Son dönemde hem sosyal medyada hem de haber sitelerinde sıkça dile getirilen asbestli toprak tartışması, doğal ürünlerin güvenliği konusunda büyük merak uyandırdı. Bazı paylaşımlar, özellikle pekmez toprağı zararlı mı veya pekmez toprağı asbest içeriyor mu sorularını gündeme taşıdı. Ancak bu iddiaların önemli bir kısmı, bilimsel gerçeklerden ziyade yanlış bilgi ve terim karışıklıklarından kaynaklanıyor.
Bu yazıda; asbestli toprak nedir, nasıl anlaşılır, nerelerde bulunur ve gıda üretiminde gerçekten risk oluşturur mu sorularını bilimsel veriler ışığında inceleyeceğiz. Ayrıca, geleneksel ve modern pekmez üretiminde toprağın nasıl kullanıldığını açıklayarak, asbestli toprak pekmez üretiminde kullanılıyor mu söylentilerinin gerçeği yansıtıp yansıtmadığını da ortaya koyacağız.
Amaç; endişe yaratmak değil, bilimsel bilgiyle desteklenmiş farkındalık oluşturmaktır. Çünkü doğru bilgi hem sağlığımızı hem de geleneksel üretim kültürümüzü korumanın en güçlü aracıdır.
Doğada lifsi yapıya sahip magnezyum-silikat mineralleri içeren kayaçların zamanla ufalanmasıyla oluşan özel bir toprak türüdür. Bu mineraller örneğin krizotil, amosit ve krokidolit geçmişte inşaat, izolasyon ve sanayi sektörlerinde ısıya dayanıklı malzeme olarak kullanılmıştır. Ancak sağlık üzerindeki olumsuz etkileri nedeniyle, asbestin üretimi ve kullanımı Türkiye’de 2010 yılından itibaren tamamen yasaklanmıştır.

Asbestli toprak genellikle serpantin ve ultrabazik kayaçların bulunduğu bölgelerde doğal şekilde oluşur. Bu tür topraklar gıda üretimiyle doğrudan ilişkili değildir; daha çok jeolojik oluşum bölgelerinde gözlemlenir. Yani gündelik yaşamda karşılaştığımız “pekmez toprağı” gibi malzemelerle asbestli toprak karıştırılmamalıdır.

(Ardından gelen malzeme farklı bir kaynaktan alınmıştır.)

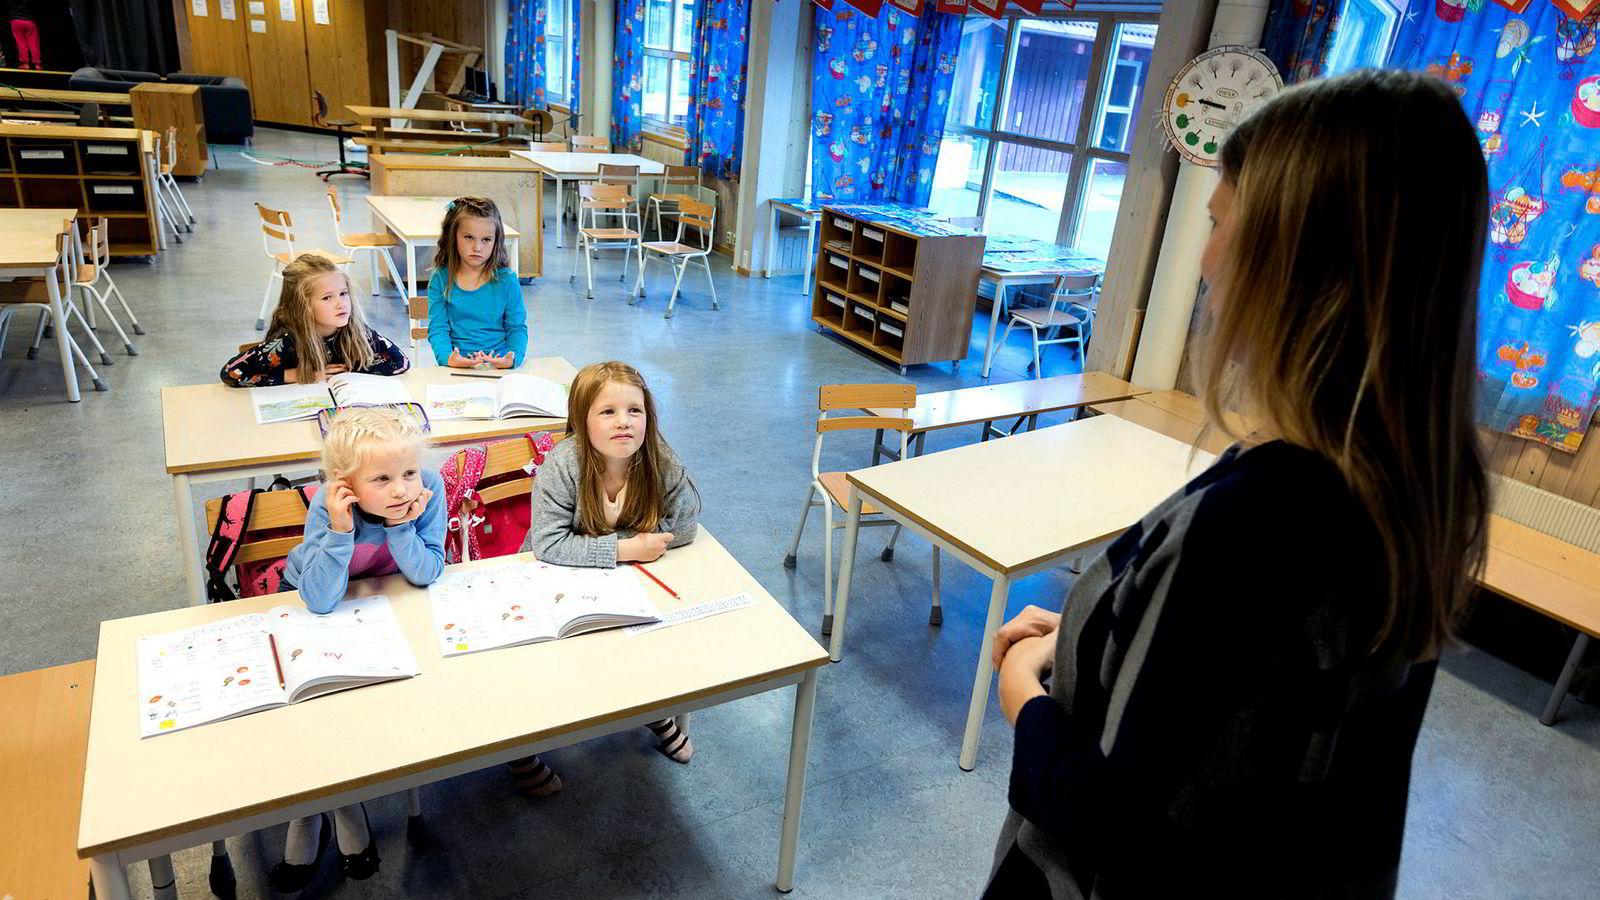 To av tre lærere uten tilstrekkelig pedagogisk utdannelse er ansatt i faste stillinger i grunnskolen, viser en rapport fra Statistisk sentralbyrå.

Asbest içermeyen topraklar, gıda sektöründe doğal filtreleme maddesi olarak kullanılabilir. Bu topraklar, özellikle pekmez üretiminde meyve özündeki asidik bileşenleri nötralize eder ve berrak bir kıvam oluşturur. Bu nedenle “pekmez toprağı asbest içeriyor mu?” sorusu, kimyasal olarak birbirinden tamamen farklı iki malzemenin karıştırılmasından doğmuştur.
Sonuç olarak, asbestli toprak doğada bulunabilen bir mineral bileşimidir; fakat gıda üretiminde kullanılmaz ve kullanılmamalıdır.
Çıplak gözle anlaşılamaz. Bu tür toprakların tespiti yalnızca laboratuvar ortamında yapılan mikroskobik analizlerle mümkündür. Yani evde gözlem, renk farkı veya dokunarak yapılan testler asbest varlığını belirlemek için güvenilir değildir.
Bir toprağın asbestli toprak olup olmadığını kesin olarak anlamak için örnek, akredite bir laboratuvara gönderilmelidir. Bu merkezlerde şu yöntemler kullanılır:
Bu testlerin sonucunda, laboratuvar raporunda “asbest tespit edilmemiştir” veya “asbest lifleri gözlenmiştir” ifadeleri yer alır. Eğer lif tespiti varsa, bu toprak gıda üretiminde kesinlikle kullanılamaz.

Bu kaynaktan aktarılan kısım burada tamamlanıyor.